What with all the Hall of Fame excitement on Wednesday, I missed this from SB Nation colleague Chris Cotillo:
James mentioned it in passing in yesterday's Snake Bytes, but I figured it was worth looking at Rodney in a bit more depth. Though it's more a case study in the volatility of relievers, and the mirage which is the "proven closer".
After a mediocre first decade in the majors, with an ERA of 4.29, from 2012-2014, Rodney was The Man, in both Tampa and Seattle. His 133 saves were the most by anyone in the American League, and it wasn't really close, with Joe Nathan trailing in second-place, fifteen back, He had a 2.21 ERA and left the Rays after 2013 for a two-year, $14 million contract with the Mariners.
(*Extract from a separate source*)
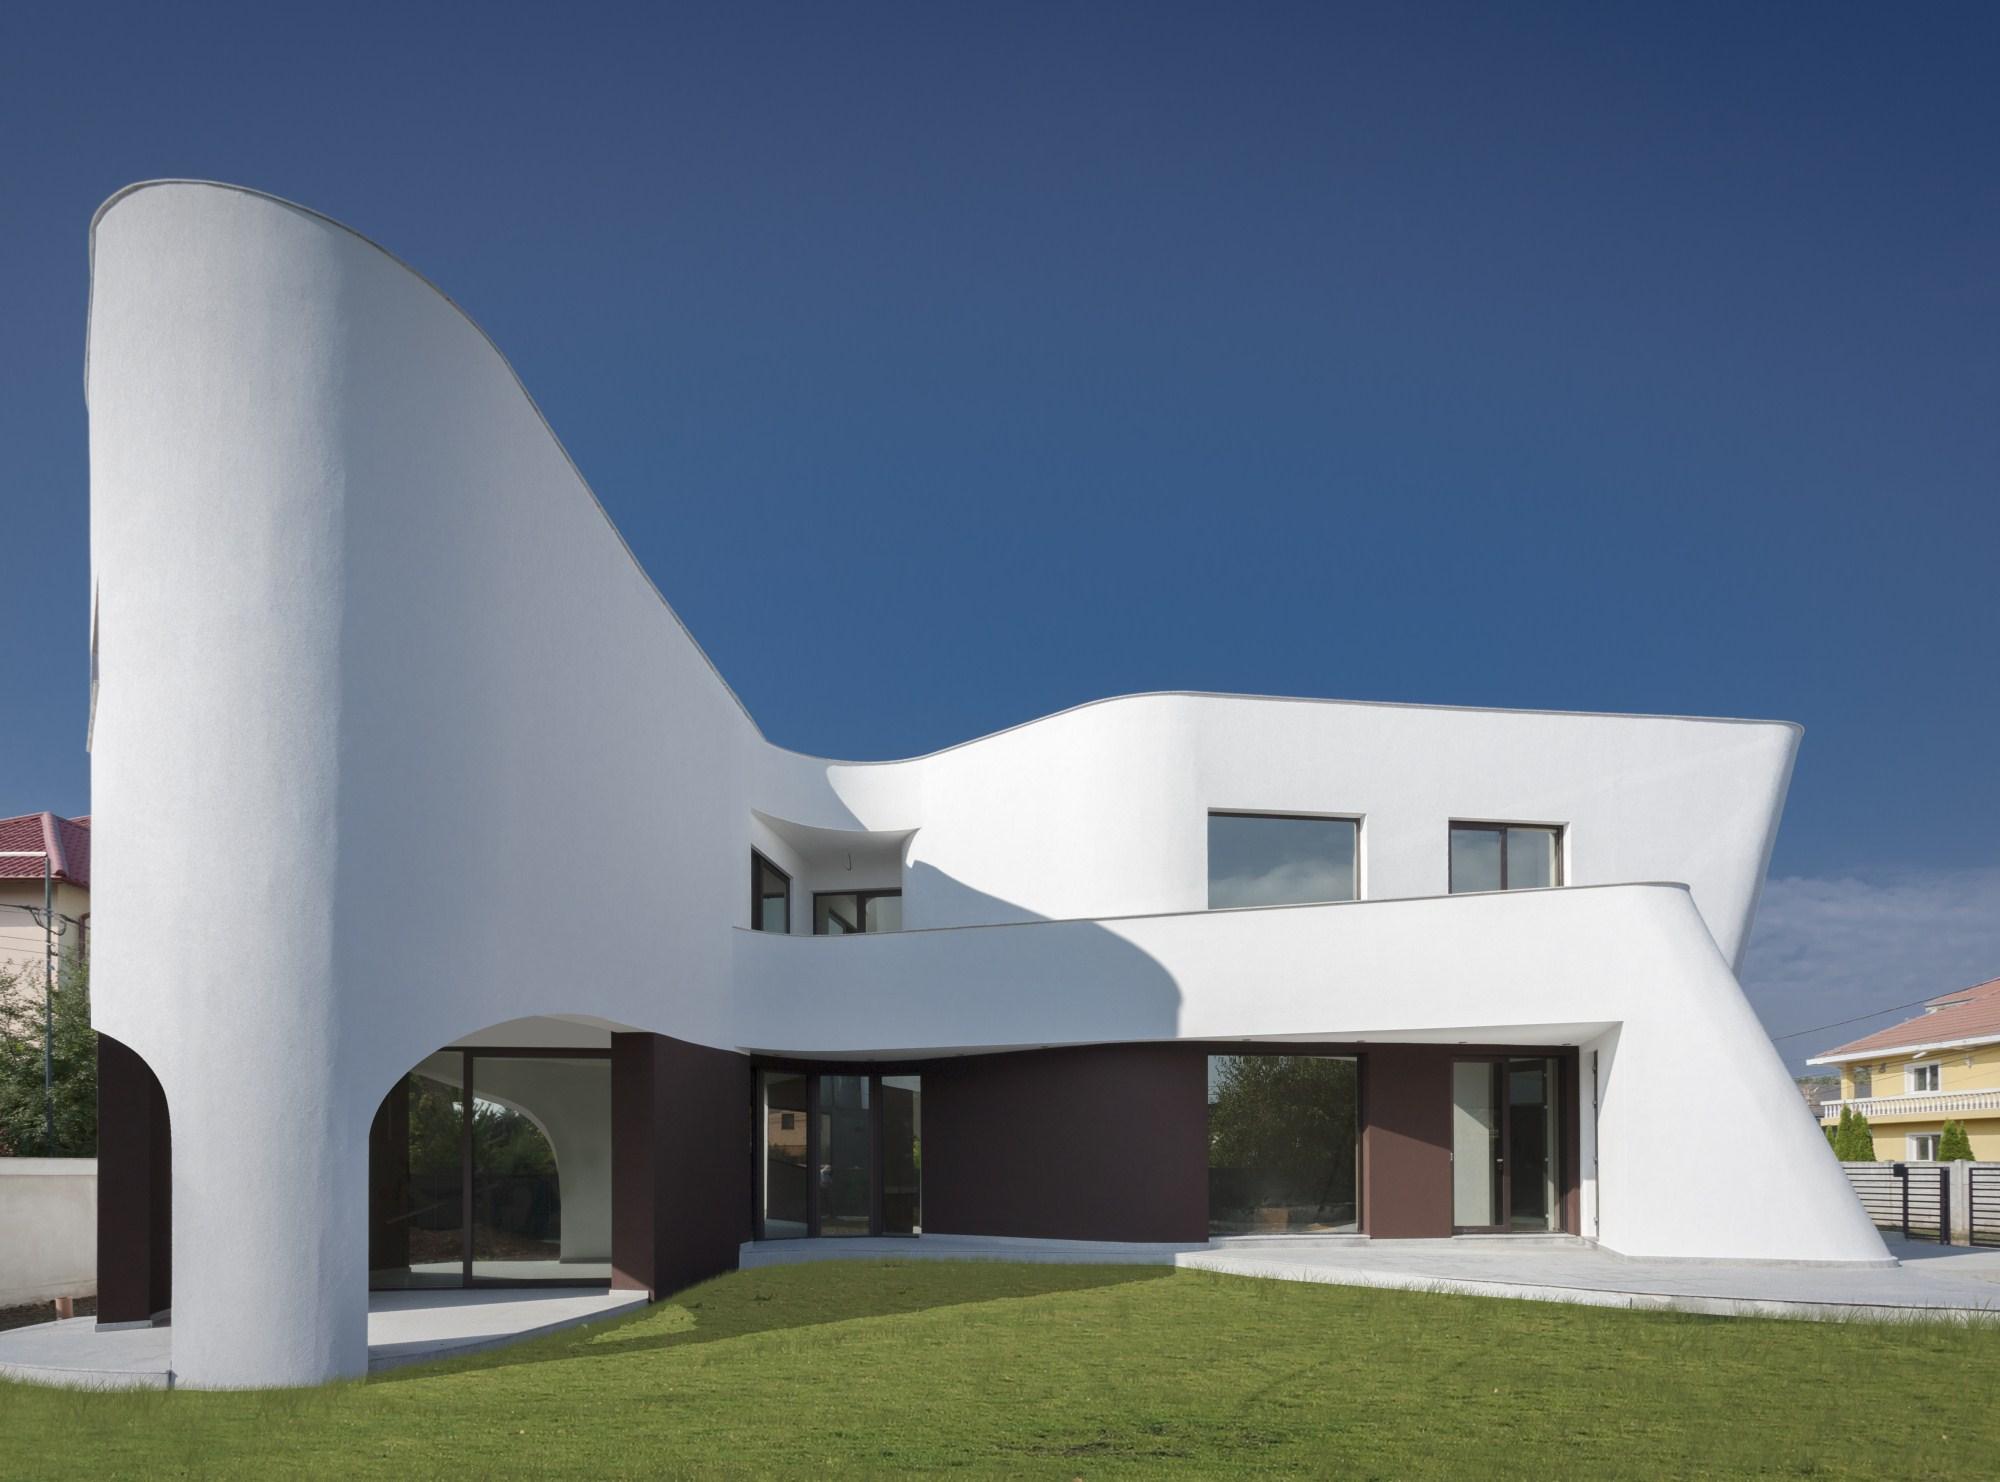 https://nbc-arhitect.ro/wp-content/uploads/2020/10/NBC-Arhitect-_-residences-_-Wing-House-_-Romania-_-exterior-view-_-master-photo_1.jpg

The first season went great, Rodney racking up a major-league leading 48 saves, and he started 2015 in similar form notching a pair of perfect innings for his first two saves.
Then, the wheels fell off. Between then and being replaced as closer on June 7, Rodney had a 7.59 ERA, allowing 18 earned runs in 21.1 innings on 29 hits and 11 walks. Things didn't get significantly better, and the major-league saves leader in 2014 found himself designated for assignment by Seattle on August 22. He was dealt to the Cubs, and did pitch well over the last month, putting up an 0.75 ERA for Chicago, but his last appearance of the season saw him allow two earned runs in a late inning of Game 4 in the NLCS as the Cubs were swept out of the playoffs by the Mets.
If Rodney had pitched well, he would likely have been looking at another big payday, but a season ERA of 4.74 doesn't exactly entice. There's some suggestion the crash was not unexpected. At the time he was DFA'd, the Seattle PI wrote of his preceding, All-Star season "he inevitably put the tying or winning run in scoring position, yet somehow escaped on most occasions. Close games meant collective groans in the press box. With Rodney pitching, a re-write seemed inevitable... Rodney was often a pitch or two from falling apart." Sounds not unlike certain former Diamondbacks' closers I could mention, right down to the showboating arrow-firing after a save.
I would imagine Rodney will be looking for a short-term deal, possibly even one year, in order to try and rebuild his value, for one last big . He'll turn 39 before next Opening Day, and time is thus not on his side. As a reclamation project and potential eighth-inning guy to set things up alongside Daniel Hudson, Silvino Bracho etc. he might be worth a look, offering "proven closer" credentials, just not at proven closer cost. Of course, the key question is whether or not Rodney's 2016 performance will be of "proven closer" quality. If so, he would be a bargain, and that explains why we're not the only team sniffing him out.
As Cotillo notes, San Diego, Toronto and his last employers on the North side of Chicago are all also interested, with Minnesota also having been linked to the veteran right-hander. While the Diamondbacks do appear to have some cash left in the locker, I don't know how much they want to get into any bidding war. I think a one-year $2 million deal might be reasonable, but if it turns out to be much more, then we just walk away and go with Hudson and Bracho in the eighth inning instead.